この技術はNECの社内ベンチャーから独立したオーセンテックがライセンスし、NEC製のパソコン用小型スピーカーとしても製品化されている。今年、富士通が一部機種で採用した平面スピーカーも、オーセンテックによるものだ。
これらの製品はSurfaceSoundと呼ばれる技術を元にしたものだが、同じ原理を透明な1枚のアクリル板でステレオを実現するSoundVu技術も、NECのVALUSTAR Tシリーズで製品化されている。
オーディオのタブーを破るスピーカー
コンベンショナルなスピーカーは、振動板の剛性を上げ、たわみによる分割振動(分割共振)を抑えながら音を出す。分割共振は音の純度を下げ、付帯音が増加するため、これをいかに抑えるかは、スピーカー開発をする上でひとつの技術的な争点だった。

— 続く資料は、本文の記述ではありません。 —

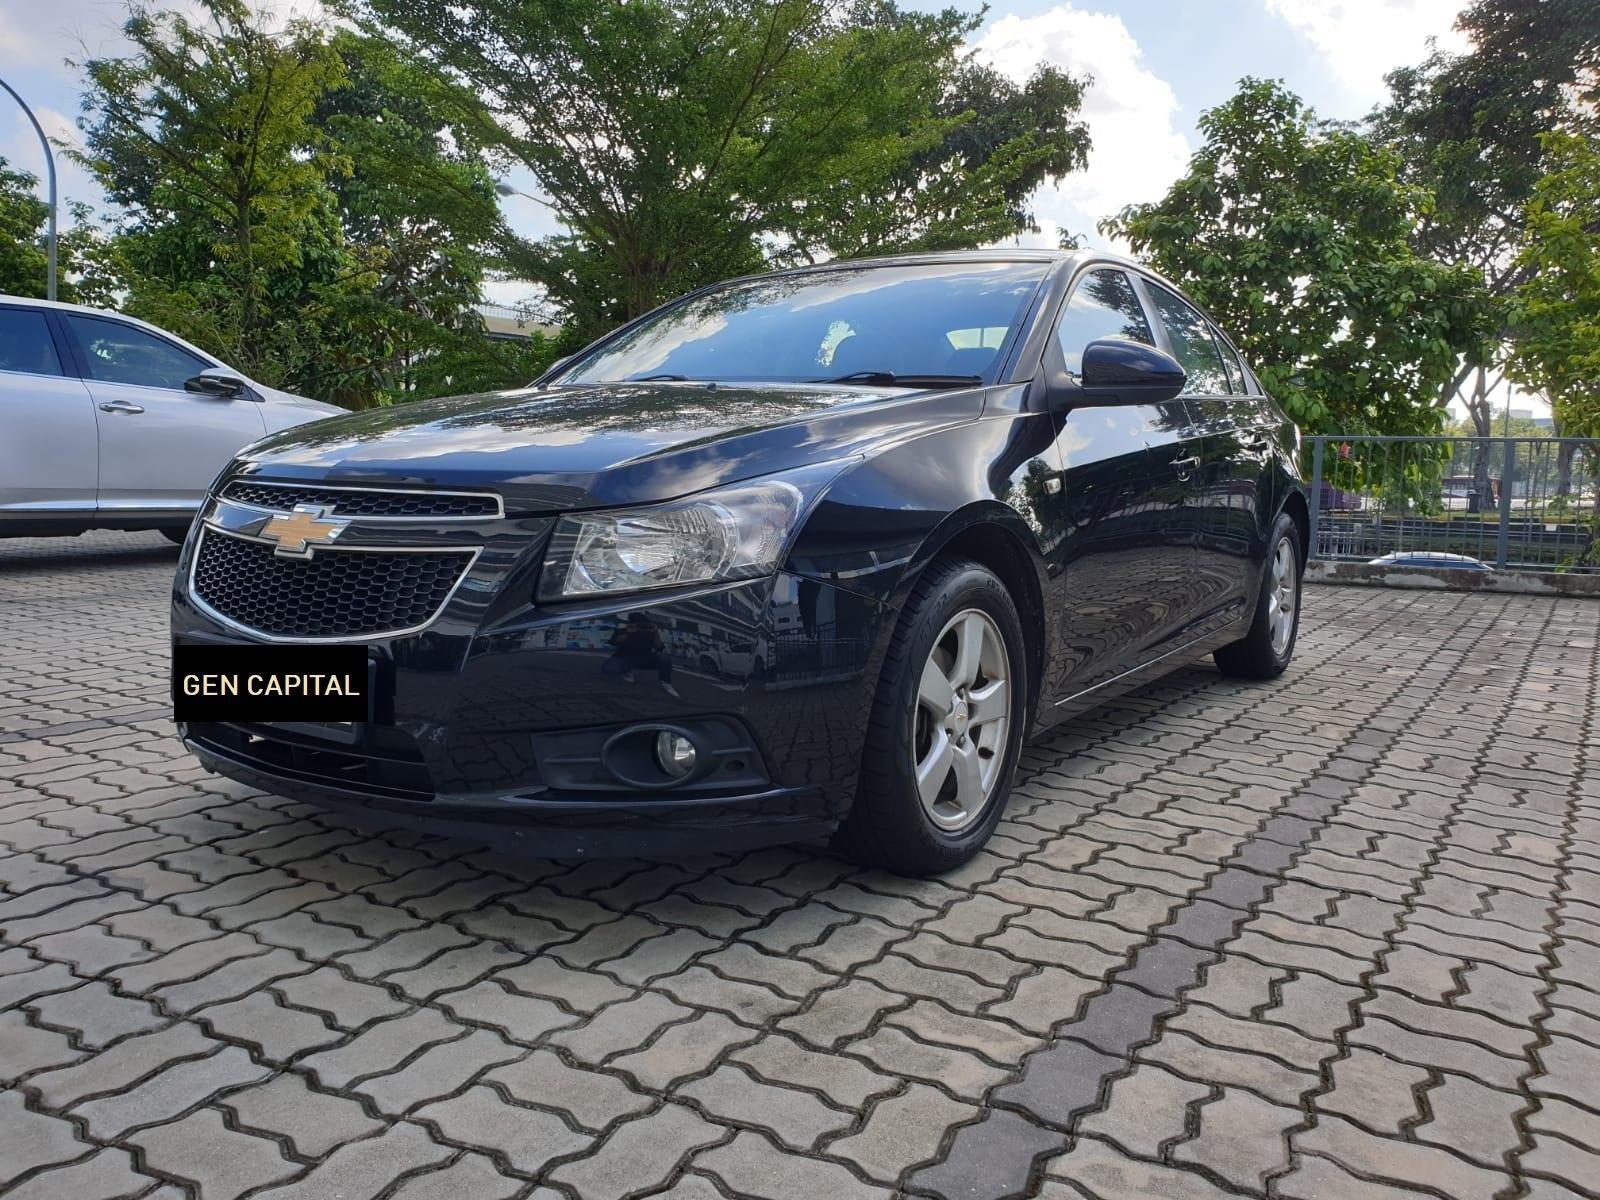 Chevrolet Cruze *Lowest rental rates, good condition!

しかし、NXTの技術は分割共振を抑えるのではなく、分割共振させることで音を出す。分割共振を意図的に起こすなど、ピュアオーディオでは考えられないタブーだが、その禁を破ったおかげで、NXTは平面薄型スピーカーの技術を実用化できたのだ。
例えば、板のある点をアクチュエータで振動させる時、周波数が高いと表面が波形に変形して凸凹になってしまう。ゆっくり動かすとたわみ、そして戻って逆にたわむという動作になる。だが、周波数が高いとたわみが戻る前に逆方向にたわませる力が加わるため、表面は海の水面のようになる。この平板のゆがみこそが音声の素。
この音声の素は、減衰しながら平板全体に広がっていく。このため、アクチュエータ部はコンパクトで小さなエネルギーしか与えていなくとも、平板全体から出てくる音は意外なほど大きなものになる。

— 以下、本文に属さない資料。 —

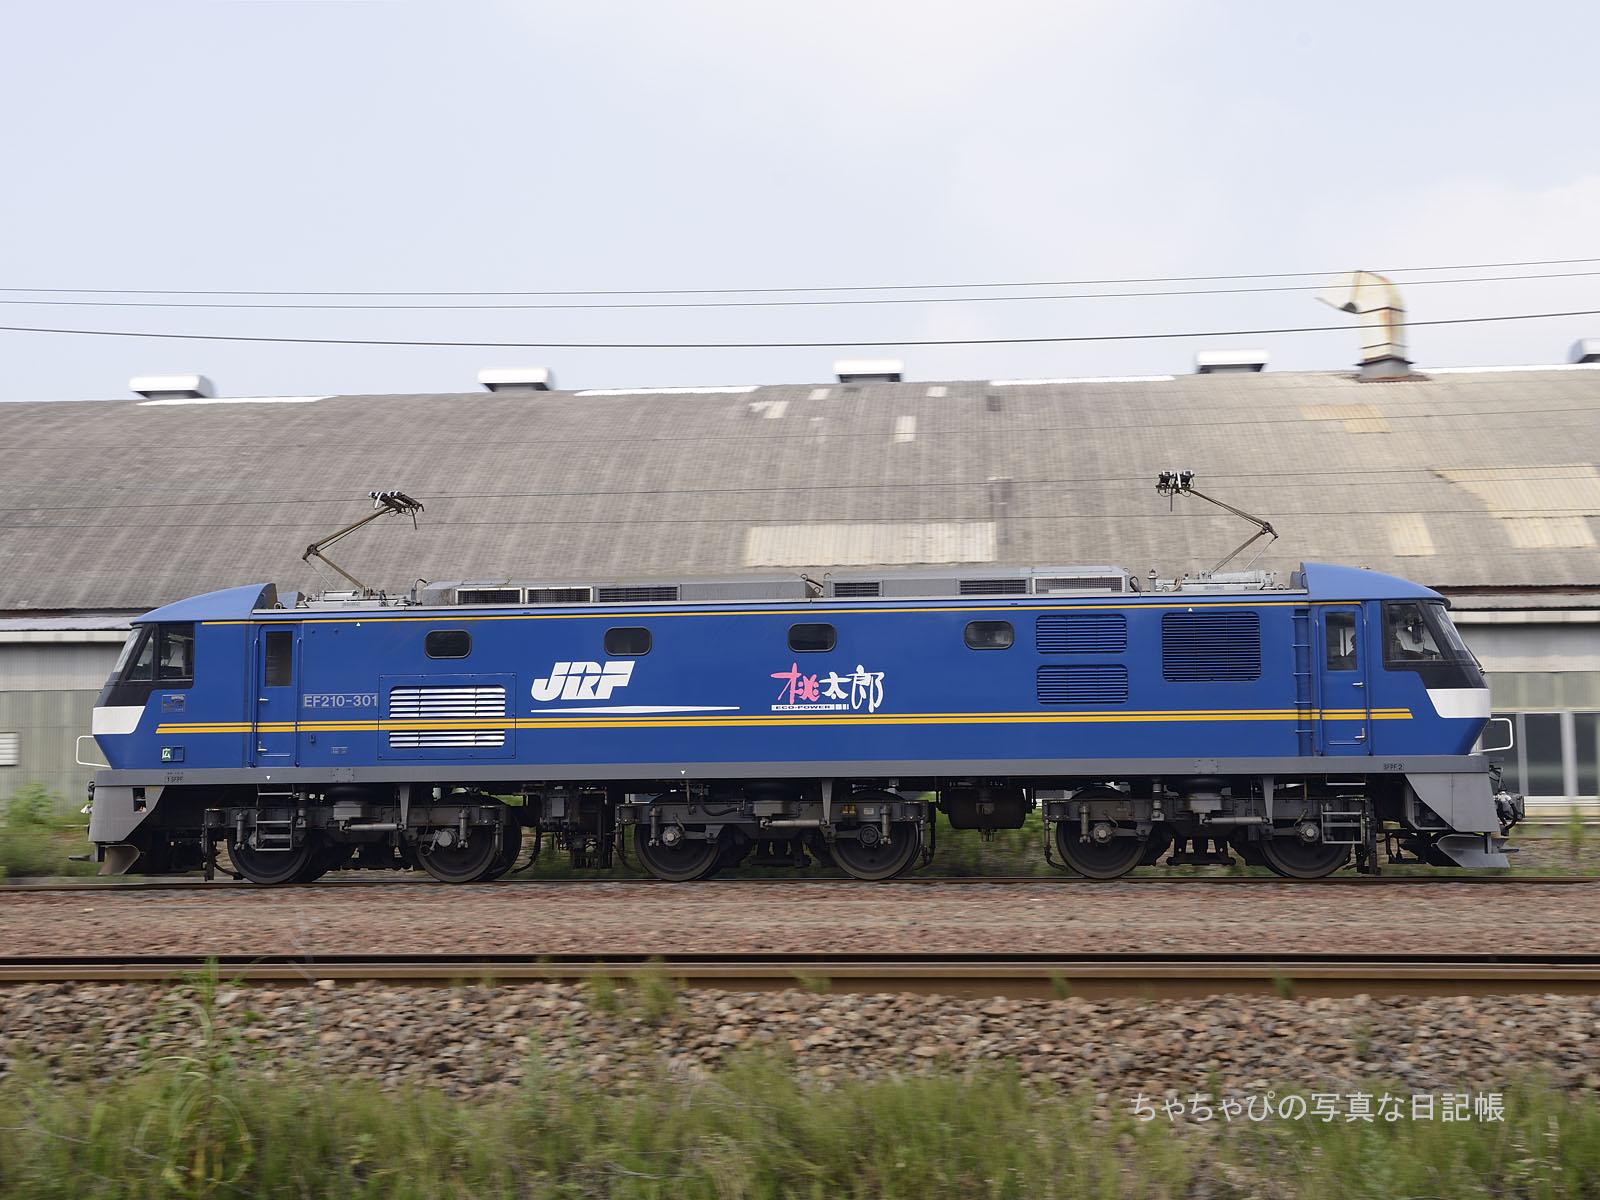 単587レ、EF210-301 向洋駅~天神川駅

また平板全体がピストン運動するのではなく、分割共振するため、周波数再生レンジが非常に広いのも特徴。50〜70Hzを下限に、上は20kHzから100kHz程度まで、周波数特性を伸ばすことができる。これほどワイドレンジのスピーカーは、なかなかお目にかかれない。巨大なウーファーから小さなトゥイータまでを並べ、エンクロージャ容量も必要なスピーカーと比べると、コンパクトさやコストの安さが際だつ。
例えば、NXTから技術ライセンスを受けているRadicaは、Radica Mini Wooferというゲームボーイアドバンス用のスピーカーユニットを販売している。ゲーム機本体にアタッチして使うのだが、ゲームボーイアドバンス本体にぴったりと合う形で非常にコンパクト。単3電池を2本使うが、かなり大きな迫力のある音でゲームを楽しめる。値段も3000円程度と安い。現在は英国のみで発売されており、近日、米国市場でも投入される見込み。
また、簡単な実験でNXTスピーカーに使われているアクチュエータに、手で名刺を押しつけてみた。すると名刺から音が聞こえてくる。しかもかなり大きな音。うーん、こりゃ面白い。